It shows that the requirement of the new LEnSRF for inflation is actually very small. In the case $N_{e} = 8, 16$ inflation is barely needed, while the extreme case $N_{e} = 4$ does show a need for inflation but much smaller than that of the LEnSRF and LETKF. This points to the robustness of the new LEnSRF.

By construction, $S_{ρ} (S_{ρ}^{⋆} (P^{a}))$ as implicitly relied upon in the new LEnSRF is a better match to $P^{a}$ than $S_{ρ} (X_{a})$ where $X_{a}$ is defined by EquationEq. (9)(9) $X_{a} = T_{x} X with T_{x} = {(I_{x} + B H^{⊤} R^{- 1} H)}^{- \frac{1}{2}} .$ (9) as used in the LEnSRF. This might explain the lesser requirement for multiplicative inflation.

We speculate that this lesser need for multiplicative inflation in the new LEnSRF may also be interpreted as a reduced imbalance of the updated perturbations. If true, this implies that for the L96 model in this standard setup, the residual inflation required in the LETKF and LEnSRF does not so much originate from the sampling errors but from the imbalance generated by localisation. This, however, can only be validated on physically more complex, $2 -$ or $3 -$ dimensional models, beyond the scope of this paper.

4.2.2. Kuramoto–Sivashinsky model

We have performed similar experiments with the Kuramoto–Sivashinsky (KS) model (Kuramoto and Tsuzuki, Citation1975, Citation1976; Sivashinsky, Citation1977). It is defined by the partial differential equation (40) $\frac{\partial u}{\partial t} = - u \frac{\partial u}{\partial x} - \frac{\partial^{2} u}{\partial x^{2}} - \frac{\partial^{4} u}{\partial x^{4}}$ (40) over the domain $x \in [0, 32 π] .$ As opposed to the L96 model, the KS model is continuous though numerically discretised in Fourier modes. It is characterised by sharp density gradients so that it may be expected that local EnKFs are prone to imbalance. We have chosen $N_{x} = 128$ modes, corresponding to $N_{x} = 128$ collocation grid points. The model is integrated using the ETDRK4 scheme (Kassam and Trefethen, Citation2005) with the time step $δ t = 0.50$ in time unit of the KS model. Synthetic observations are collected every $Δ t = 1$ on all collocation grid points. The observation operator is chosen to be $H = I_{x};$ in particular, the model is fully observed. The observation errors are Gaussian with distribution $N (0, R)$ and observation error covariance matrix $R = I_{x} .$ Like for the L96 model experiments, the localisation matrix used in either the LEnSRFs or the LETKF is built from the GC function, and random rotations are applied after each update. The performance of the algorithms are assessed by the time-averaged analysis RMSE as well. The multiplicative inflation (in the range $λ \in [1, 1.16]$ ) and the localisation radius (in the range $r \in [10, 80]$ sites) are optimally tuned so as to yield the best RMSE.

For each configuration, 10 data assimilation experiments are run. Each run is $2 \times 10^{4}$ cycle-long after a spin-up of $2 \times 10^{3}$ cycles. All statistics are averaged over these 10 runs. Note that for $N_{e} - 1 ⩽ 14,$ which corresponds to the size of the unstable and neutral subspace of this model, localisation is mandatory to avoid divergence of the filters. The results are displayed in the right column of .

The results are very similar to those of the L96 model. The LEnSRF with the new update scheme outperforms the other two schemes, with a much lower need for inflation, and optimal localisation lengths similar to that of the LEnSRF without the new update scheme. For this model, the optimal localisation length for the LETKF is however larger than for both LEnSRFs.

The requirement for multiplicative inflation is further studied similarly to the L96 case.

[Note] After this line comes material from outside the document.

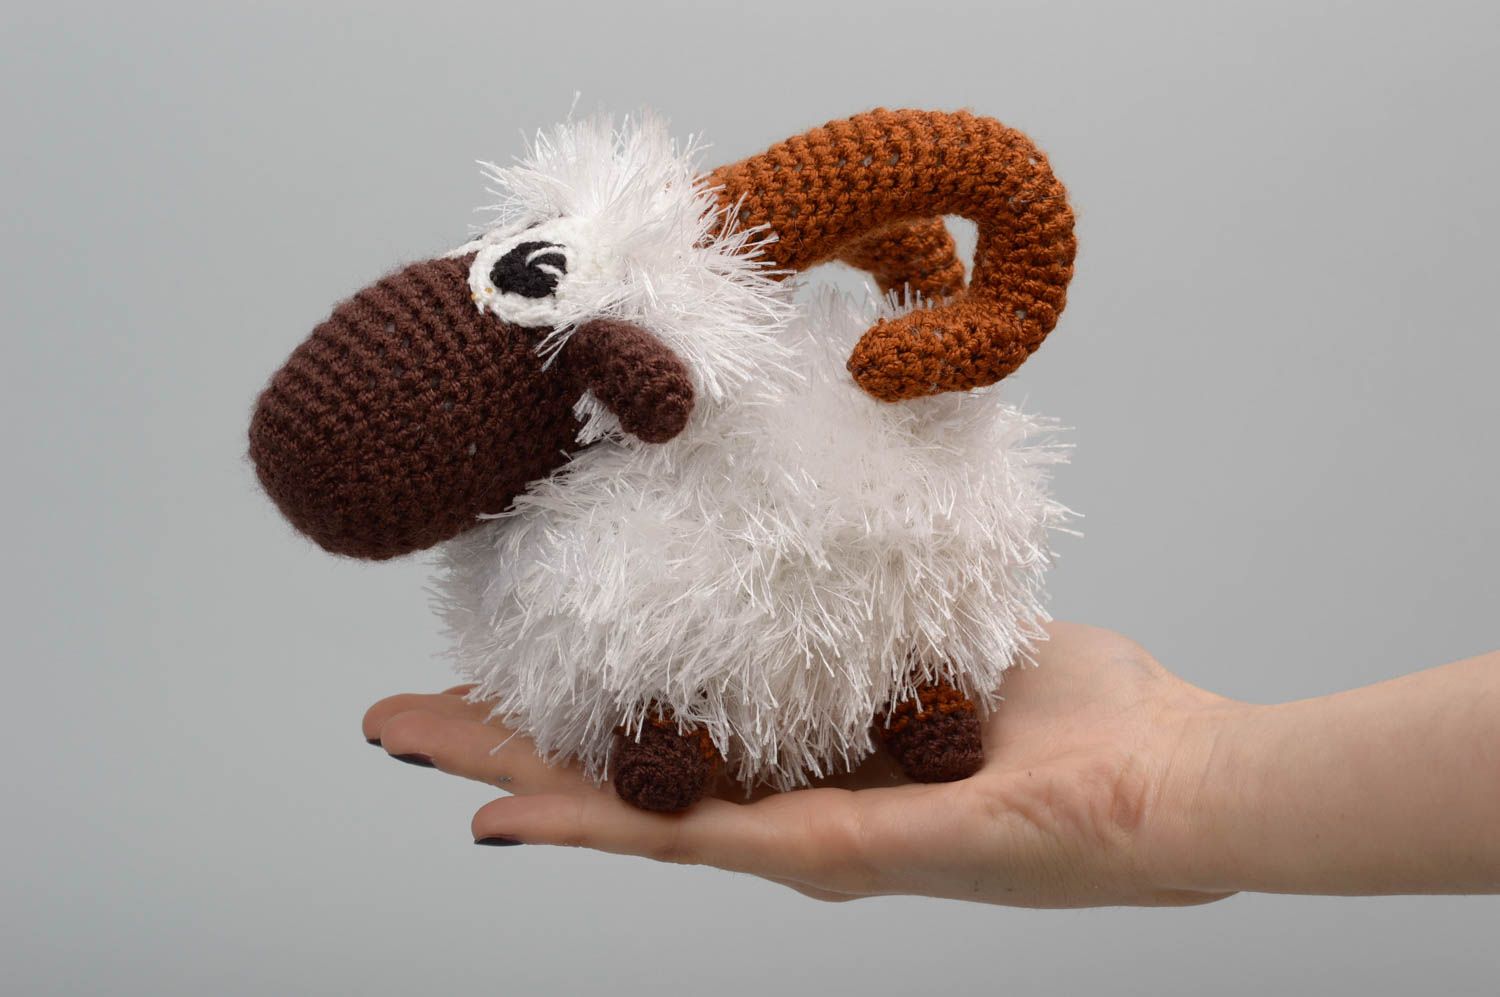 Handmade toy cuddly toys stuffed animals souvenir ideas nursery decor gift ideas photo 5

The right column of shows the RMSE as a function of multiplicative inflation for optimally tuned localisation length and for $N_{e} = 4, 8, 16 .$ Again, it shows that the need for inflation is substantially reduced and not really needed for $N_{e} = 8, 16,$ and even $N_{e} = 4,$ demonstrating the robustness of the new LEnSRF.

4.3. Sparse and infrequent observations

Localisation schemes can behave differently in presence of sparse and inhomogeneous observations. Moreover, we have conjectured that the new perturbations update scheme could generate an ensemble with less imbalance (closer to the attractor), which could be evidenced with longer forecasts in the EnKF than those considered so far. Hence, in this section, we consider:

A first set of experiments where the state vector entries are uniformly and randomly observed with a fixed density $N_{y} / N_{x},$ which is varied from 0.25 to 1. Specifically, at each observation time, $N_{y}$ grid cells are randomly selected (without replacement) over the total $N_{x}$ grid cells and the observation operator $H$ directly yields the value of the state vector at each of these grid cells. The observations are collected every $Δ t = 0.05$ time unit.
A second set of experiments where the observations are spatially densely observed ( $H = I_{x}$ ) but with a fixed time step which is varied from $Δ t = 0.05$ to the much less frequent $Δ t = 0.40 .$ For such long forecast, the more accurate local iterative ensemble Kalman filter (IEnKF) would yield better RMSEs (Bocquet, Citation2016), but applying the new update scheme to the IEnKF with localisation is outside the scope of this paper.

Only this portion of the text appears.